5.0

There is a great romanticism to the Battle of Britain. In the summer of 1940, at the height of Nazi power, all that stood between England and invasion were the pilots of RAF Fighter Command. Contrails traced labyrinths in the blue summer sky miles above the Earth as Spitfire and Messerschmidt tangled. The war fell from the sky on picnickers; shell casings, flaming wreckage, men, bombs. And of course, the good guys won. "This was their finest hour." Roll credits.

The real story is more complicated, of course, and Korda centers the battle as conflict between Air Marshall Hugh Dowding of the RAF, and Herman Goering for the Luftwaffe. Dowding is cast as a visionary. In the 1930s, when prevailing wisdom was that 'the bomber would always get through', Dowding pushed for the creation of the world's first integrated air defense network, a combination of radar, spotters, hardened telephones lines, centralized dispatch rooms where maps and indicator lights which enabled command of an air battle in real time, and fast and powerful monoplane fighters to do the killing. This was not going to be a random brawl, but a carefully planned battle of attrition. In the 21st century, with NASA Mission Control, the Star Trek bridge, and network-centric warfare, this is common stuff, but Dowding invented it all.

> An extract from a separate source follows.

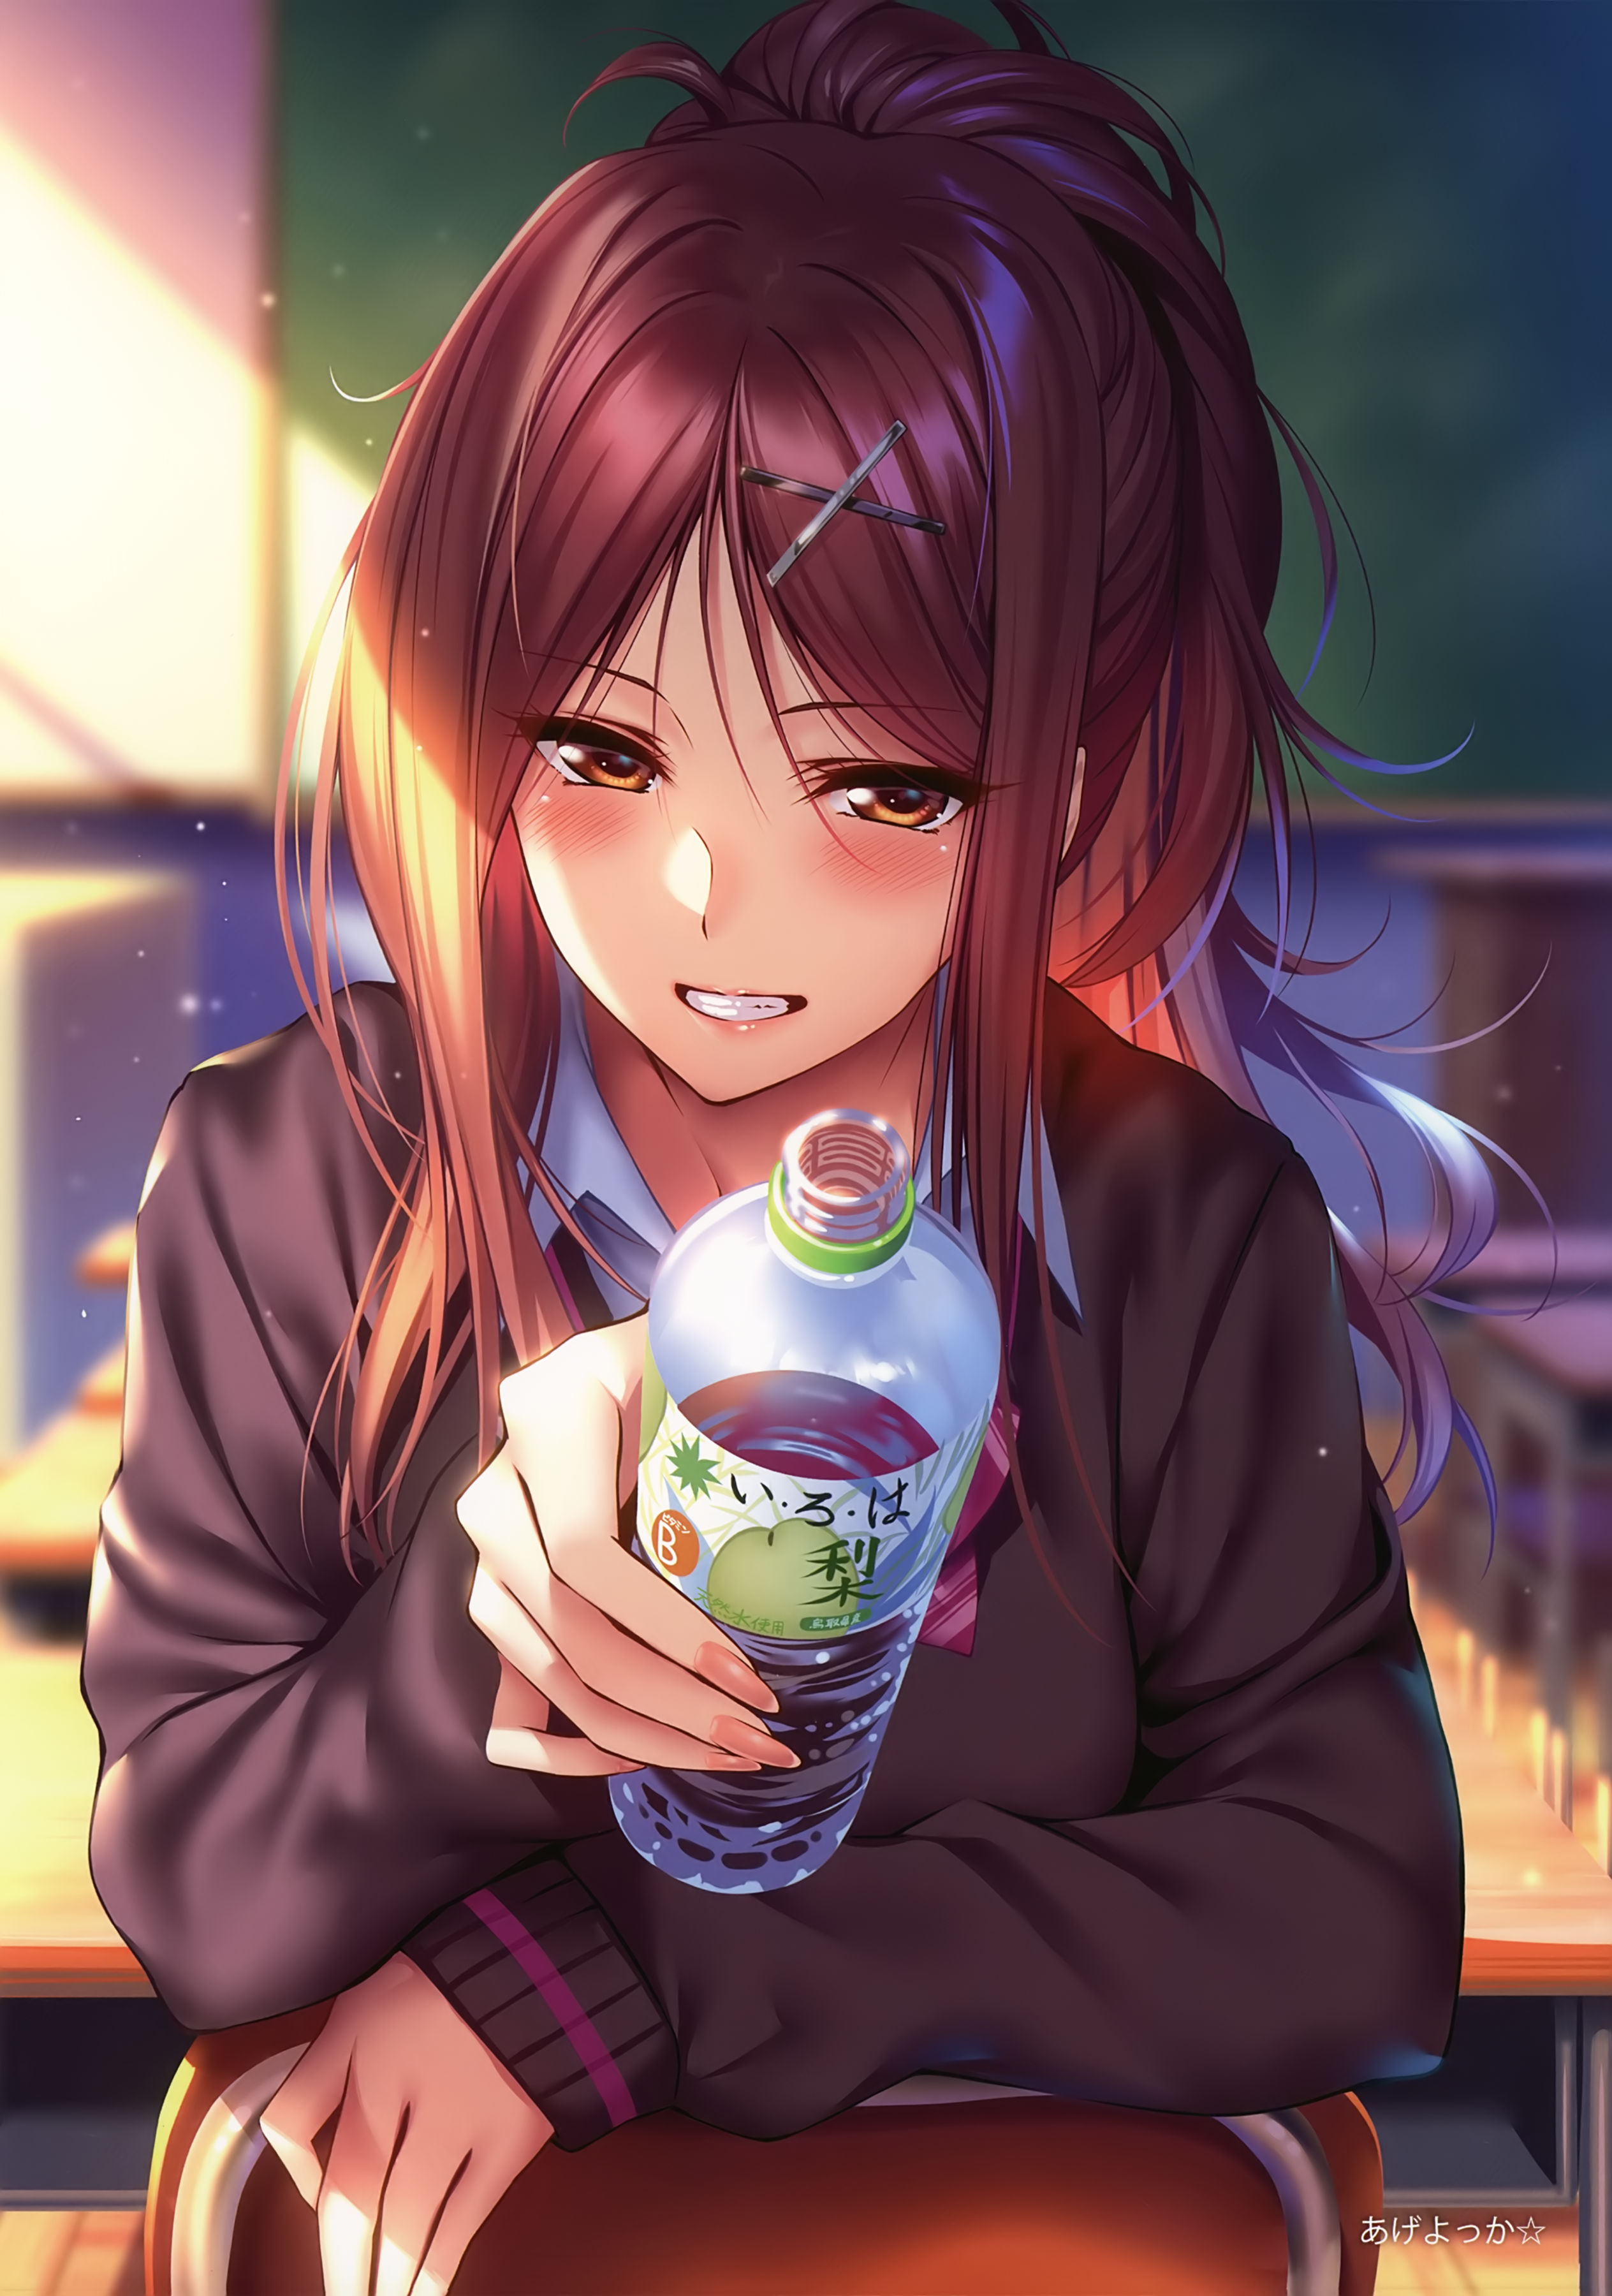 Anime 2528x3600 piromizu anime girls schoolgirl blushing water bottle sunset ponytail Pixiv

The Churchill Bunker, with the big board

Against this, Goering's Luftwaffe was the most powerful airforce in the world at the time. But the Bf-109 had the range to stay over England for mere minutes, the medium bombers lacked accuracy and destructive power, and the Stuka and Me-110 were sitting ducks for modern fighters. The Nazis were also hampered by terrible intelligence, that continually predicted the RAF was at the breaking point, and political problems, when a retaliatory strike on Berlin lead to bombers being pulled off of airfields and factories to punish Berlin.

In one sense, the outcome was never in doubt. Dowding just had to contest control of the air through the first week of October, after which storms would make Operation Sea Lion impossible. On the other hand, RAF fighter command sacrificed immensely, taking tremendous casualties in the process of bleeding the Luftwaffe white. Dowding himself was never a political player, and had to turn over his command in November 1940. But Britain had been saved. As Churchill put it, "Never in the history of mankind has so much been owed by so many to so few."

With Wings Like Eagles is an erudite popular history that rises above the pack through a novel, and well-founded thesis around the command of Air Marshall Dowding.